Proper time in fixed Rindler coordinate $X=\frac{1}{\alpha}$

Question

We define the transformation from the Minkowski coordinates $(t,x)$ to the Rindler coordinates $(T,X)$ by $$t=X\sinh T,\\ x=X\cosh T.$$ If an object is moving at fixed Rindler coordinate $X=1/\alpha$, how do we write down the proper time $d\tau$ in terms of $dT$?

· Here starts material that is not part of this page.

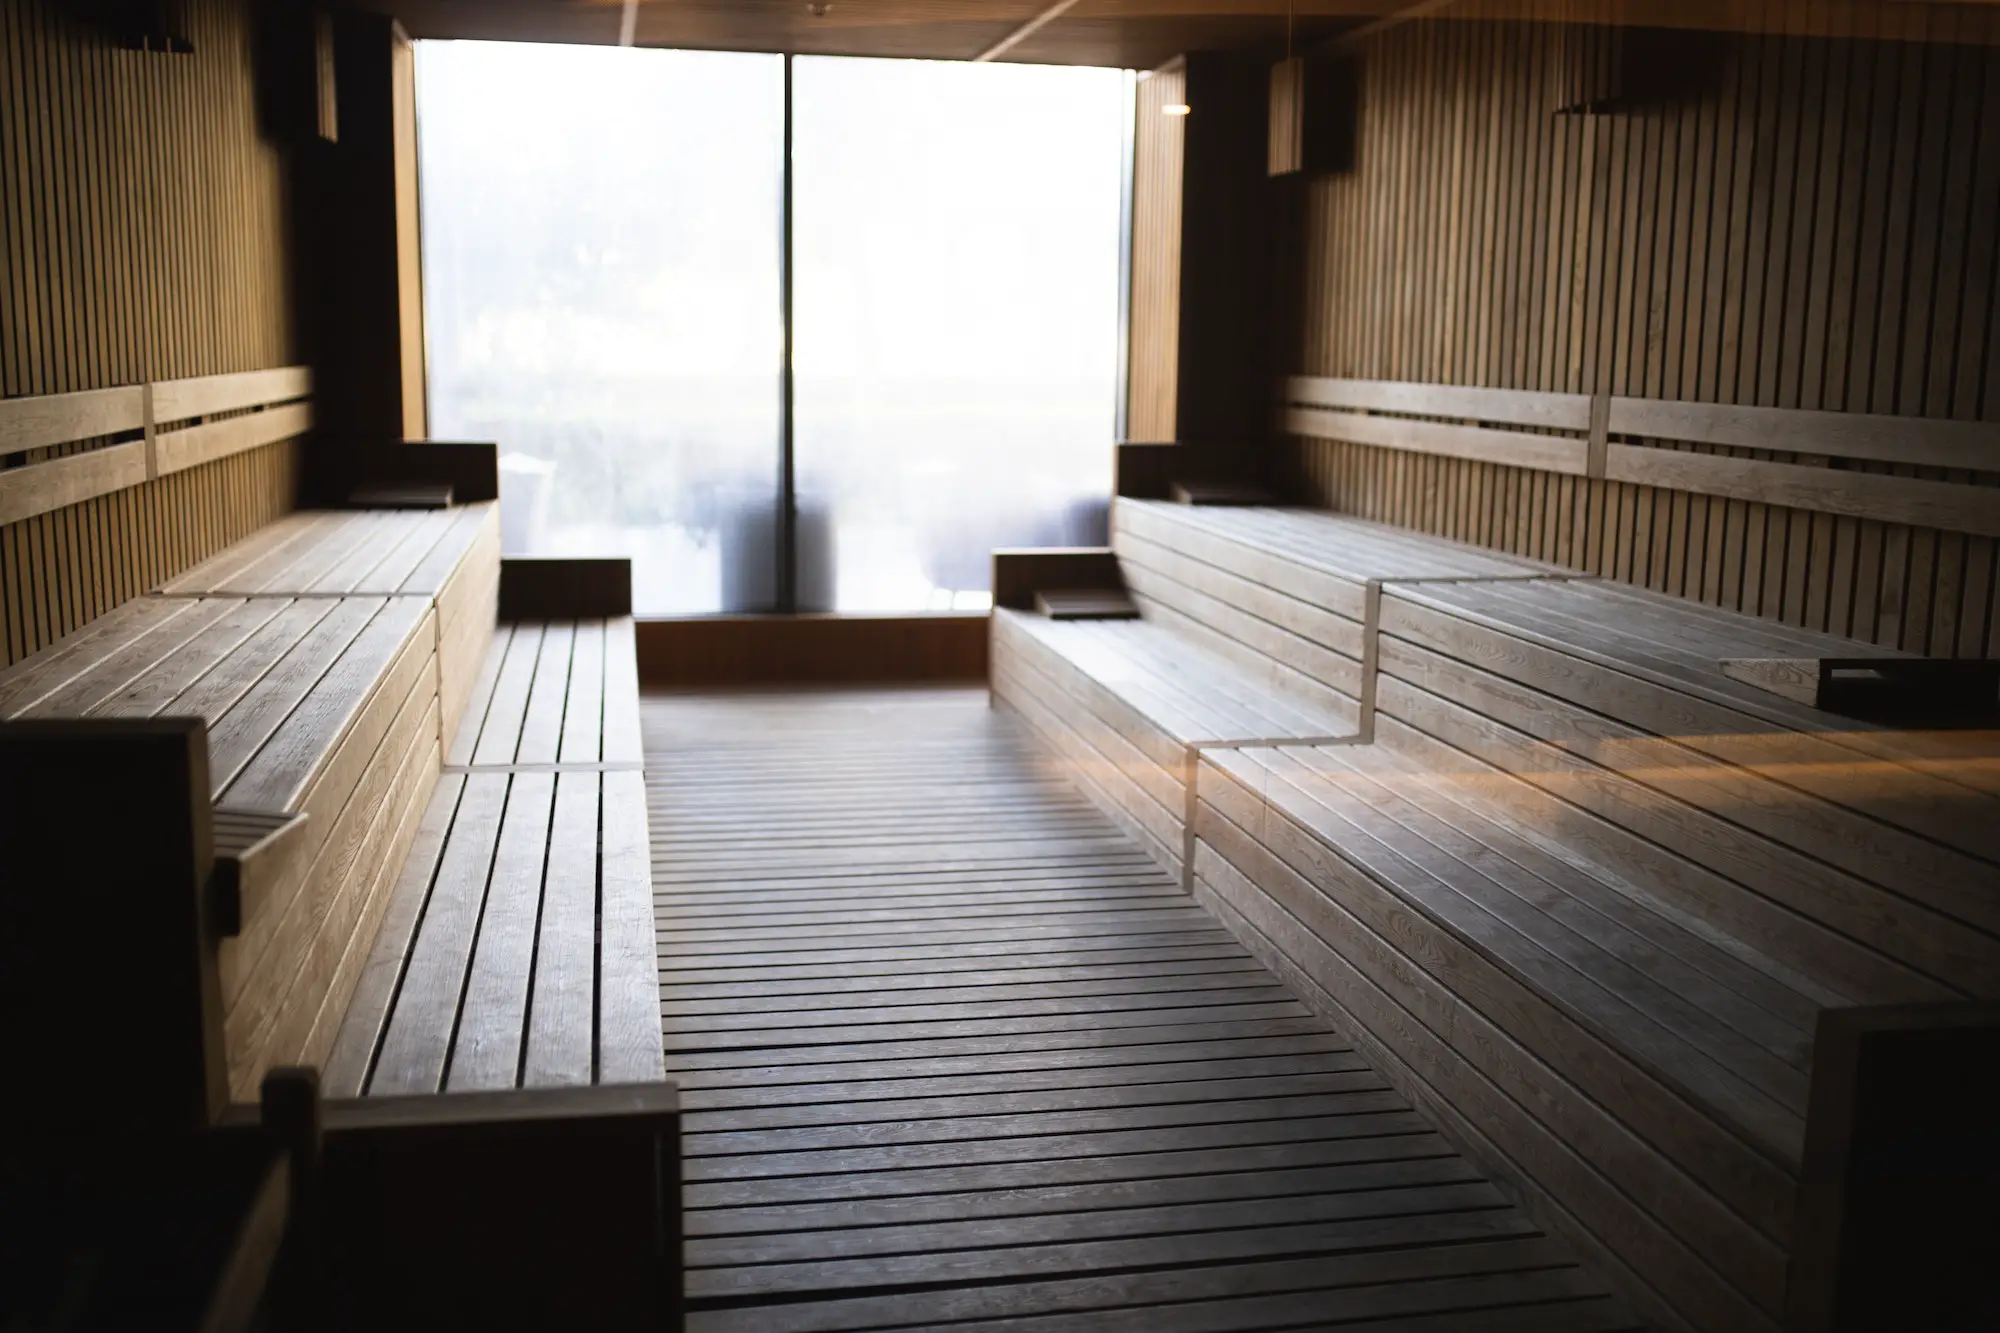 Sauna room. Finnish sauna. Roman sauna. Steam room.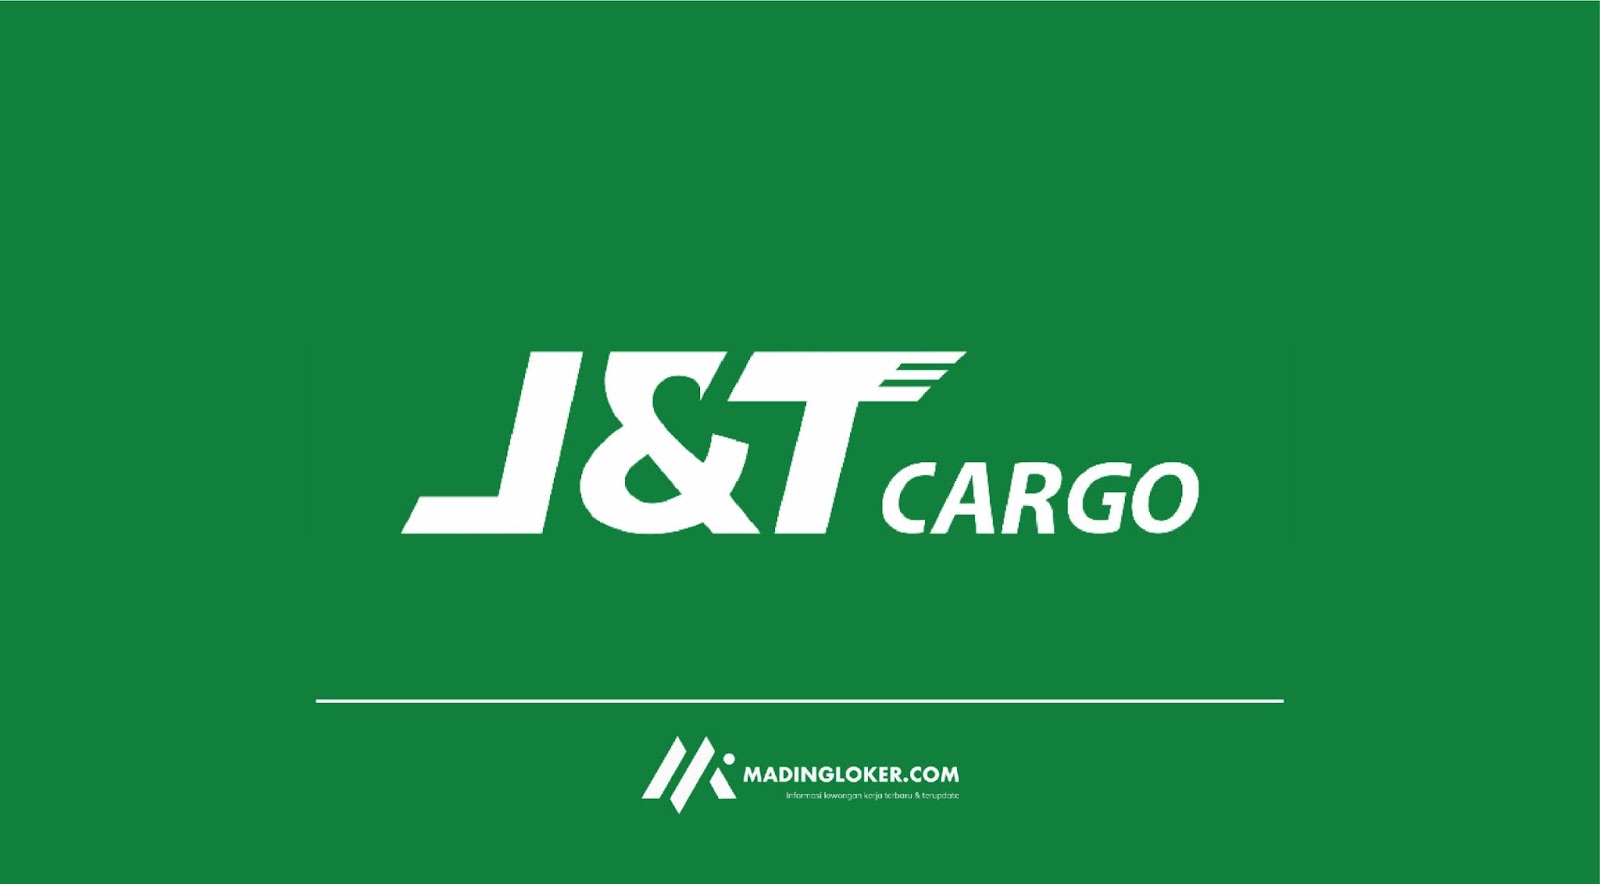 Rekomendasi Jasa Cargo di Bandung Paling Cepat, Layanan Express

Here is my attempt. Since $t=X\sinh T$, we know $dt=\frac{1}{\alpha}\cosh TdT$. Now $dt$ is related to $d\tau$ by the Lorentz factor $\gamma$: $$d\tau=\frac{dt}{\gamma},$$ so we get $$d\tau=\frac{1}{\alpha\gamma}\cosh TdT,$$ a result in which I don't have too much confidence. Is it correct? Is the answer really that simple? Thank you for your patience.

Answer 1

Start with the proper-time equation in Minkowski coordinates: $$ d\tau^2=dt^2-dx^2. \tag{1} $$ Write $(t,x)$ in terms of $(T,X)$, using the equations shown at the beginning of the question, to get \begin{align} dt &= (\sinh T)\,dX + (X\cosh T)\,dT \\ dx &= (\cosh T)\,dX + (X\sinh T)\,dT. \tag{2} \end{align} Substitute (2) into (1) to get $$ d\tau^2 = X^2\,dT^2-dX^2. \tag{3} $$ Equation (3) is valid for every worldline. Specializing to the worldline $X=1/\alpha$ gives the final result $$ d\tau^2 = \frac{dT^2}{\alpha^2}, \tag{4} $$ so $d\tau = dT/\alpha$.

Answer 2

with

$$t=X\,\sinh(T)\\ x=X\,\cosh(T)$$

hence $$\frac{dx}{dt}=v=\frac{\sinh(T)}{\cosh(T)}$$

and $$\gamma=\frac{1}{\sqrt{1-v^2}}=\frac{dt}{d\tau}\quad\Rightarrow\quad\\d\tau=\sqrt{1-v^2}\,dt=\sqrt {1-{\frac { \left( \sinh \left( T \right) \right) ^{2}}{ \left( \cosh \left( T \right) \right) ^{2}}}}X\cosh \left( T \right)\,dT =X\,dT=\frac{1}{\alpha}\,dT$$